SON DAKİKA
Hava Durumu

Umutsuz değil, umut dolu kadınlar

Yazının Giriş Tarihi: 06.03.2018 19:46
Yazının Güncellenme Tarihi: 06.03.2018 19:46

Kadın, sanat ve umut sözleri biraraya gelince ortaya çıkan enerjinin ne kadar kuvvetli olabileceğini tahmin edersiniz.

Kadın umuttur hep.

Anne diye her seslendiğinde elini tutandır.

Kadın sanattır hep.

İşinde, evinde, sofrasında, giyim kuşamında, çocuklarının bakımında, hayat arkadaşının yanında, hayatın idaresinde, hayat içindeki üretkenliğinde hep bir zarafet taşır.

Kadının olmadığı yerlerde erkekler biraz daha rahat iken etrafta kadın varsa biraz daha çeki düzen verirler kendilerine mesela. Bunu kendileri de itiraf ederler üstelik.

Kadın estetiktir, kadın iyiliktir, kadın hayatın her alanında adeta bir sanat eseridir.

Kadın, erkeği doğurandır, erkeği dokuyandır, erkeği erkek yapandır.

Kadının elinden gücünü alırsanız eğer, önce erkek bozulur, sonra da hayatın dengesi alt üst olur.

Kadın zayıf, kadın cahil, kadın eve hapsolmuşsa eğer, toplum da onunla birlikte zayıf, cahil ve cehaletin zindanlarında hapsolmuş demektir.

Kadınıyla omuz omuza çalışan çiftçi, işçi, sanatçı ya da meslek sahibi her insan daha güçlüdür. Güçlüdür çünkü hayatın tüm zorluklarını tek başına sırtlanmıyor, hayatı paylaşıyordur.

Değersiz görülmeyen kadın normal, kadını değersiz görmeyen erkek normal, kadın-erkek çatışması arasında kalmayan çocuklar normal, dolayısıyla toplum normal bir hayat yaşıyordur.

Heyhat!

Tarih boyunca hep aşağılarda bir yerlerde veriyorlar var olma mücadelelerini.

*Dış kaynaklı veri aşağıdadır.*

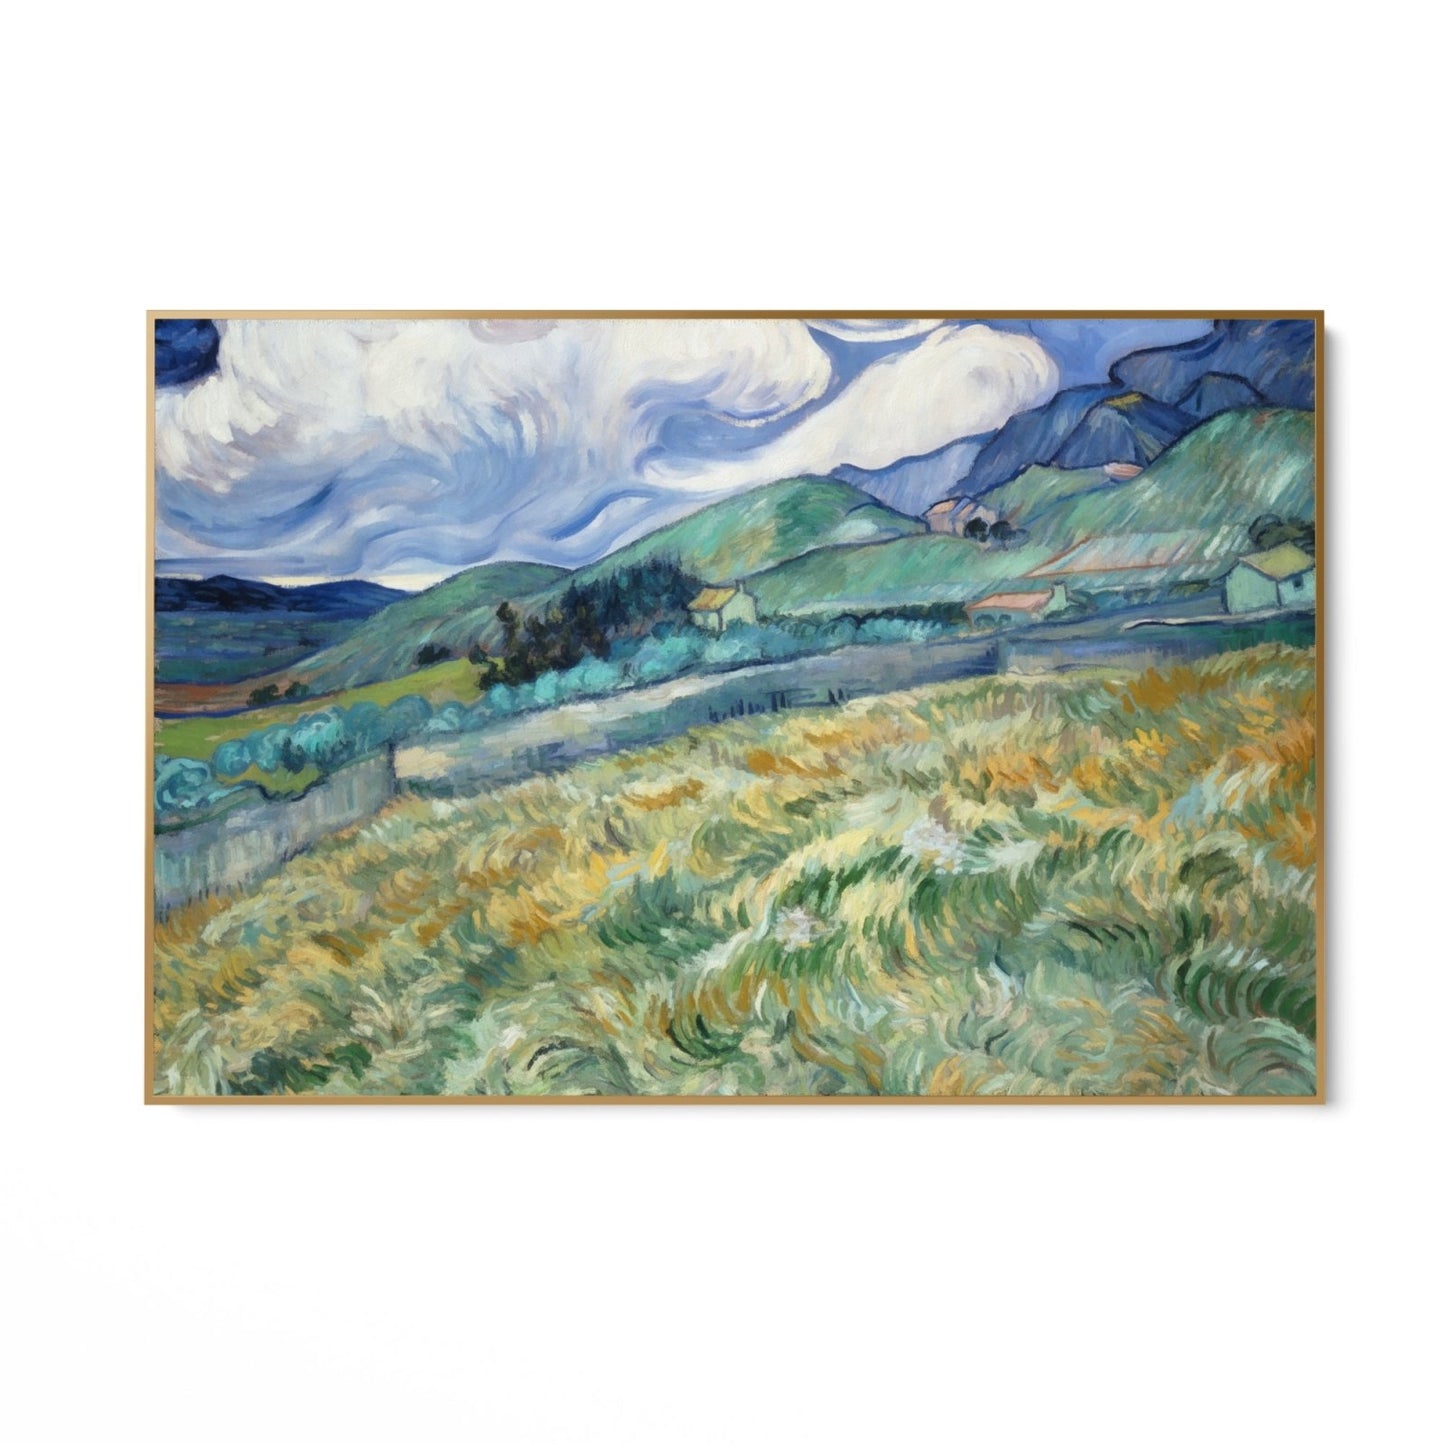 Weizenfeld und Berge 1889, Vincent Van Gogh

Biraz ortaya çıktıklarında ise cadılıkla ya da şeytanlıkla suçlanıp yakılıyorlar.

Ne dışarıdaki iş güçlerinin değeri bir erkekle eşdeğer bulunuyor, ne de ev içindeki değerlerinin farkına varılıyor.

Peki kadınlar bu baskılar karşısında kendi alanlarından vazgeçiyorlar mı?

Hayır...

Seslerini kısıp oturuyorlar mı?

Hayır...

Nerede ve nasıl yaşadıkları fark etmiyor, her fırsatta "Biz de varız!" diye her şekilde haykırıyorlar...

Yardımlaşıyorlar, dayanışıyorlar, ele ele veriyorlar ve her işe yetişiyor, her zorluğun üstesinden geliyorlar.

Onlar, umutsuzluğun en karanlığında iken bile umudunu hiç yitirmeyen "Umutlu Kadınlar"...

Kadın dayanışmasının sanatla buluşup umut haline geldiği, aşağıda afişini gördüğünüz serginin bana hissettirdiklerini dile getirmeye çalıştım birkaç cümleyle.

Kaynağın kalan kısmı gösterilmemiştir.